The need for biomass fuel has been steadily climbing over the past few years. In the past coal was used for factories before moving over to biomass fuel which used wood in order to better protect the environment. However, while wood may be renewable it takes years for a tree to grow. But Prairie Clean Energy is pitching a new idea to farmers during a town hall meeting taking place tonight.
"It's a carbon-neutral fuel that is better for the environment and burns cleaner and is more efficient than most fuel sources," said Mark Cooper, the president of Prairie Clean Energy. "Wood fuel is not very sustainable. You have to cut down forests or find scrap wood. All those challenges. Turns out on the prairies, specifically in Saskatchewan, we grow a fuel even better than wood. And that's flax straw."
Flax straw is often burned at the end of harvest as there is no current use for it. Cooper says they can purchase the flax straw from farmers and convert it into biomass fuel that they can then work to sell to factories that can use it.

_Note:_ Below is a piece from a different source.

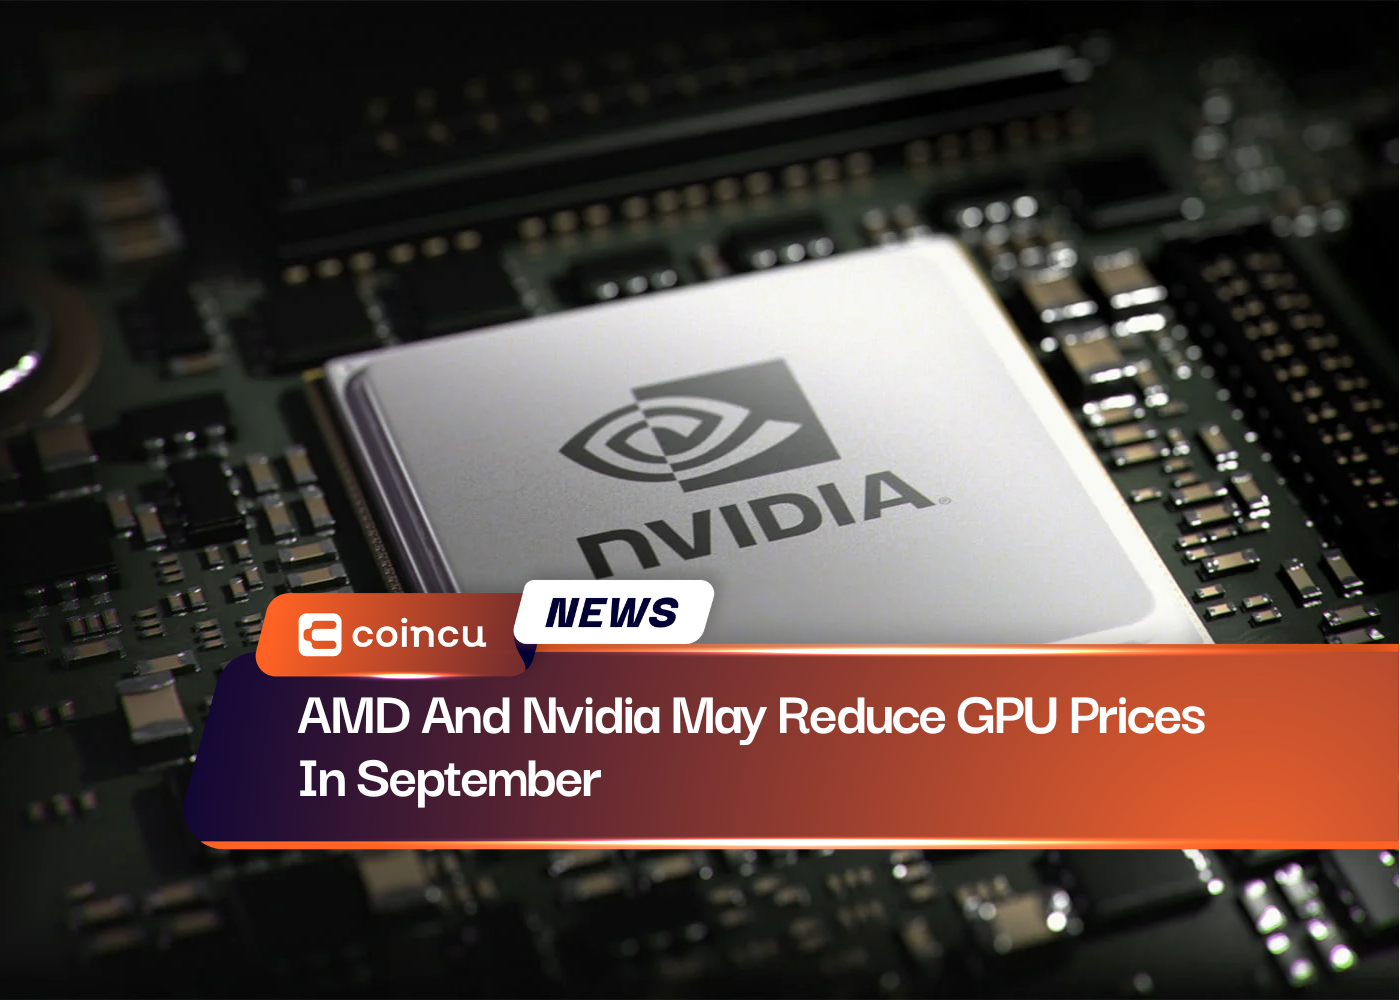 AMD And Nvidia May Reduce GPU Prices In September

Cooper says there are around 4000 plants that require biomass fuel in the world right now, and this number is expected to grow around 60% in the coming years. A majority of these plants are located in Europe and Asia, however, North America has some as well.

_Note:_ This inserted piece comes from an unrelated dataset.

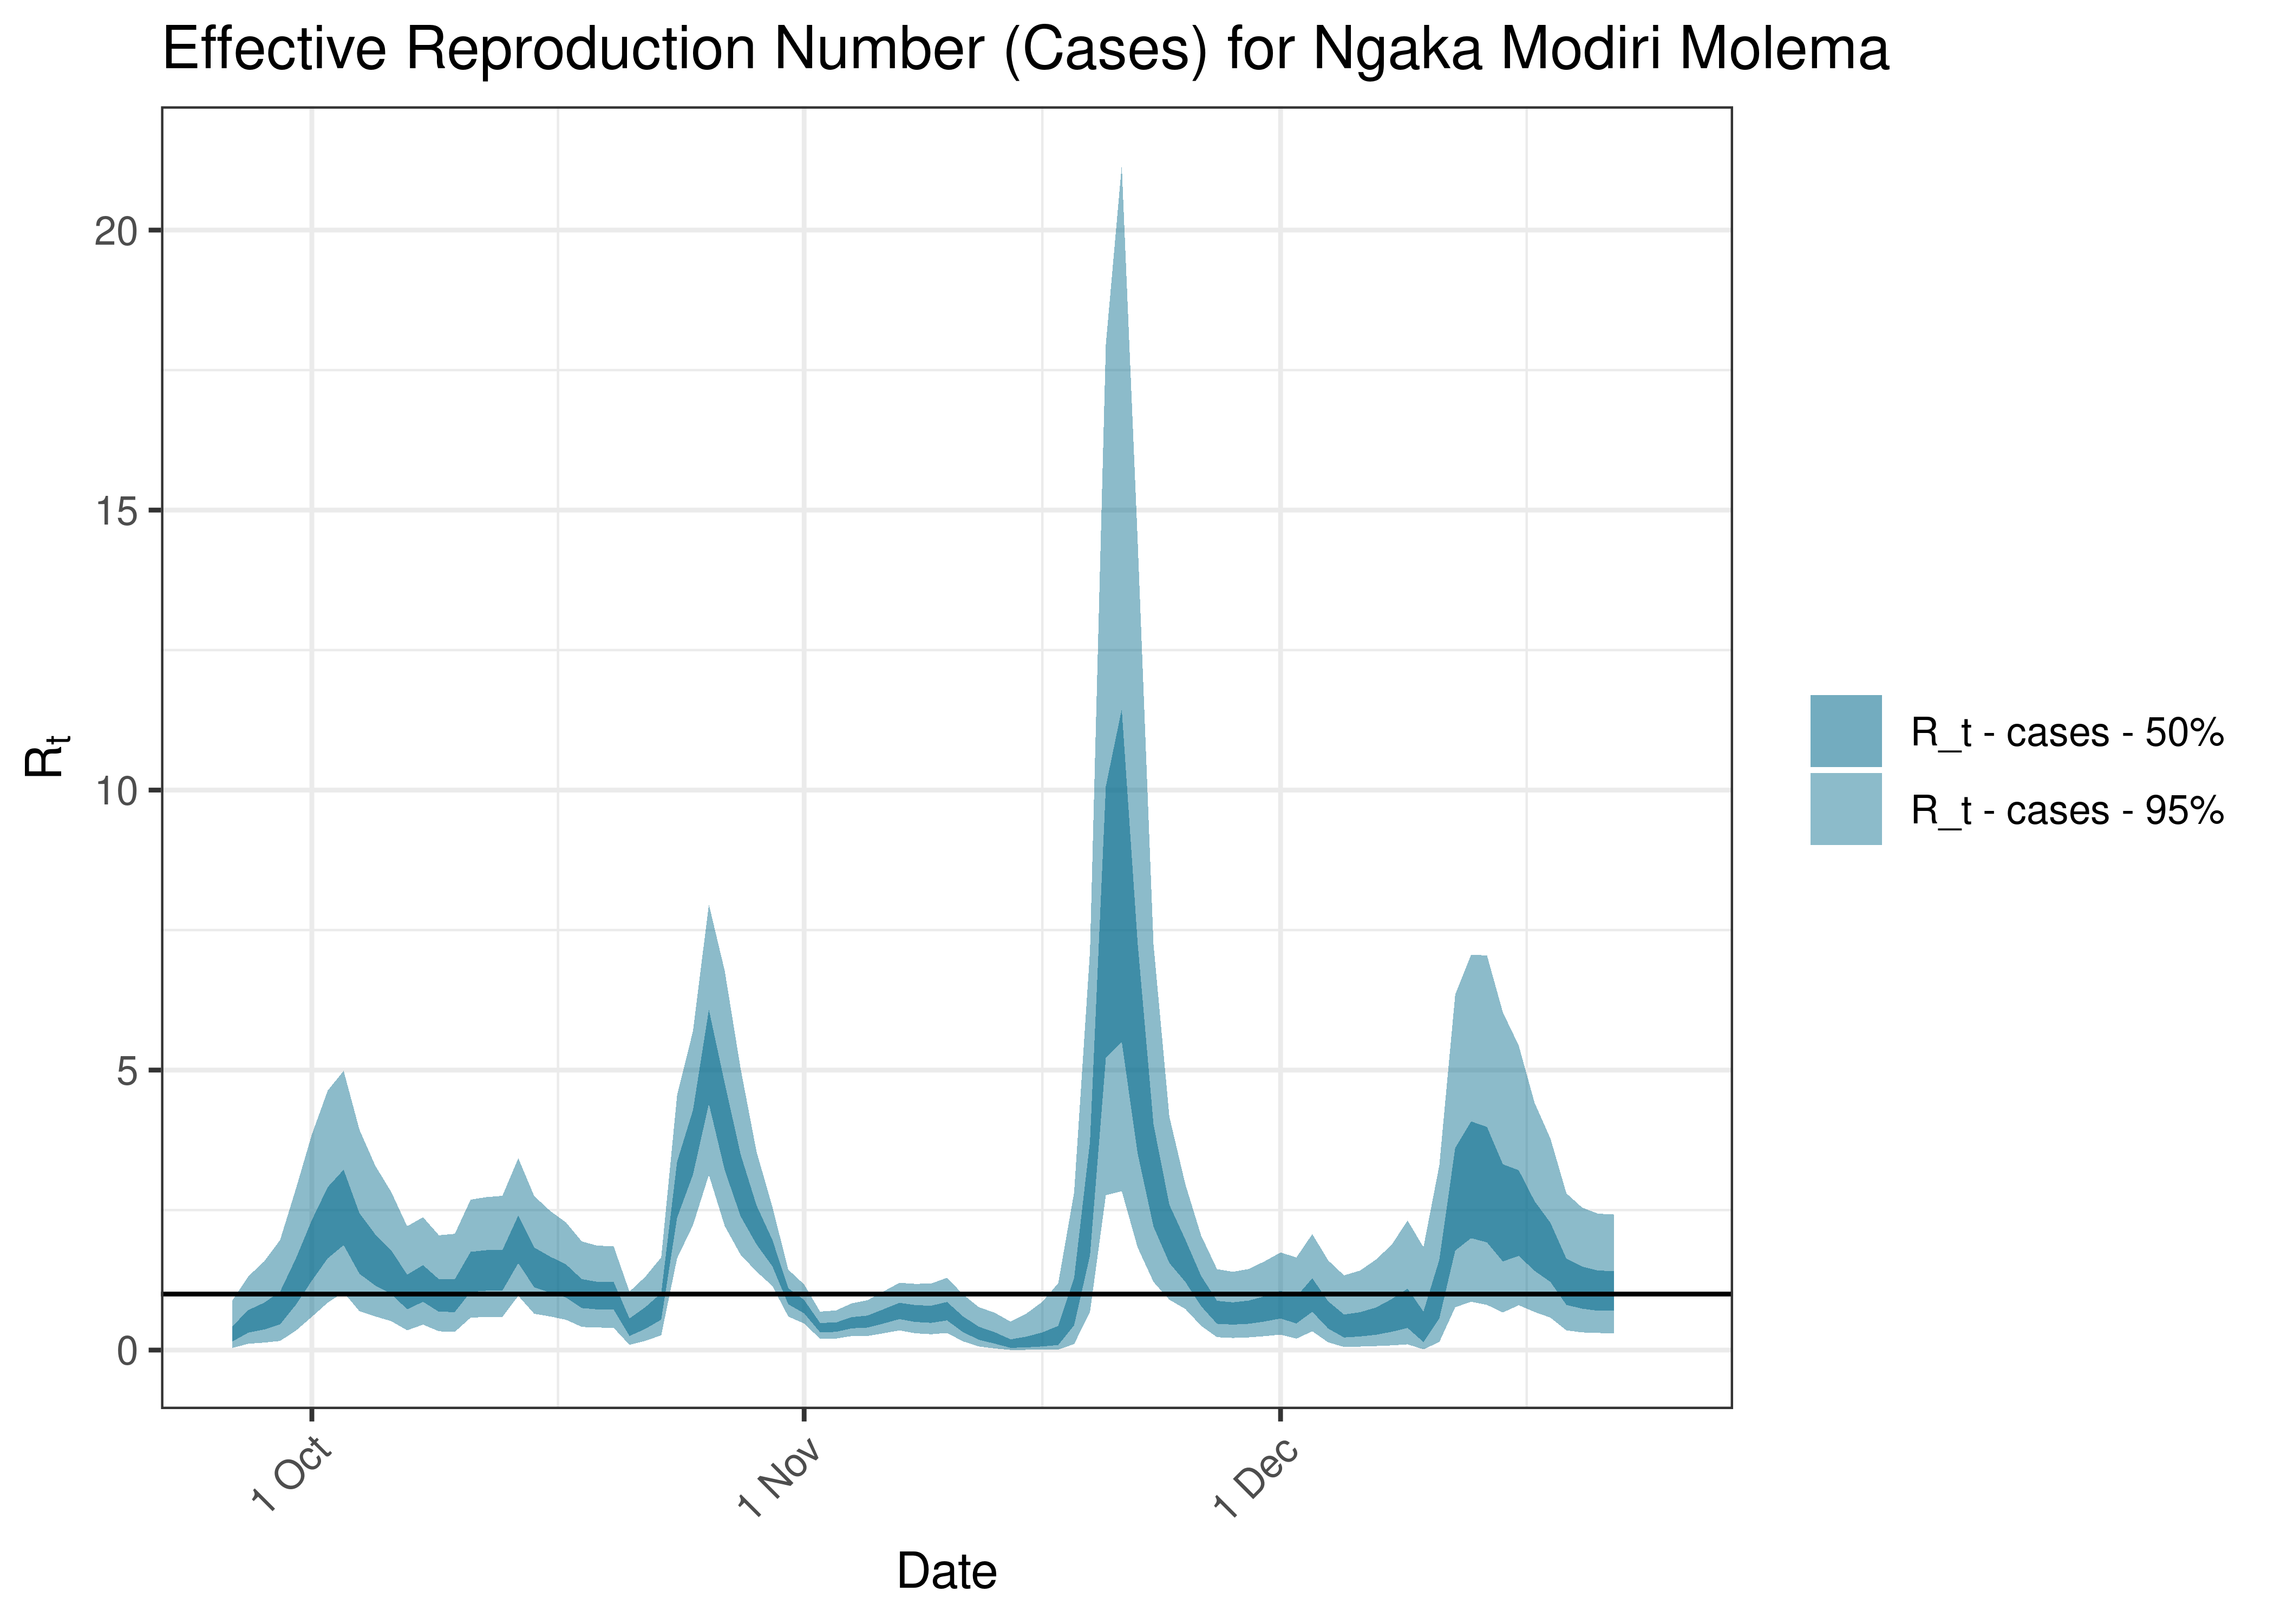 Estimated Effective Reproduction Number Based on Cases for Ngaka Modiri Molema over last 90 days

"They need cleaner sources of energy and biomass is one of the best options out there," Cooper added. "So why not take advantage of fuel sources as we have right here in Saskatchewan to make the world a greener place."
The flax straw would be purchased from farmers, converted into biomass fuel, and sold to factories that need them. This provides farmers with additional income while boosting the economy, says Cooper.
There will be a presentation in Weyburn tonight where farmers will be able to listen in and discuss what is being proposed by the company.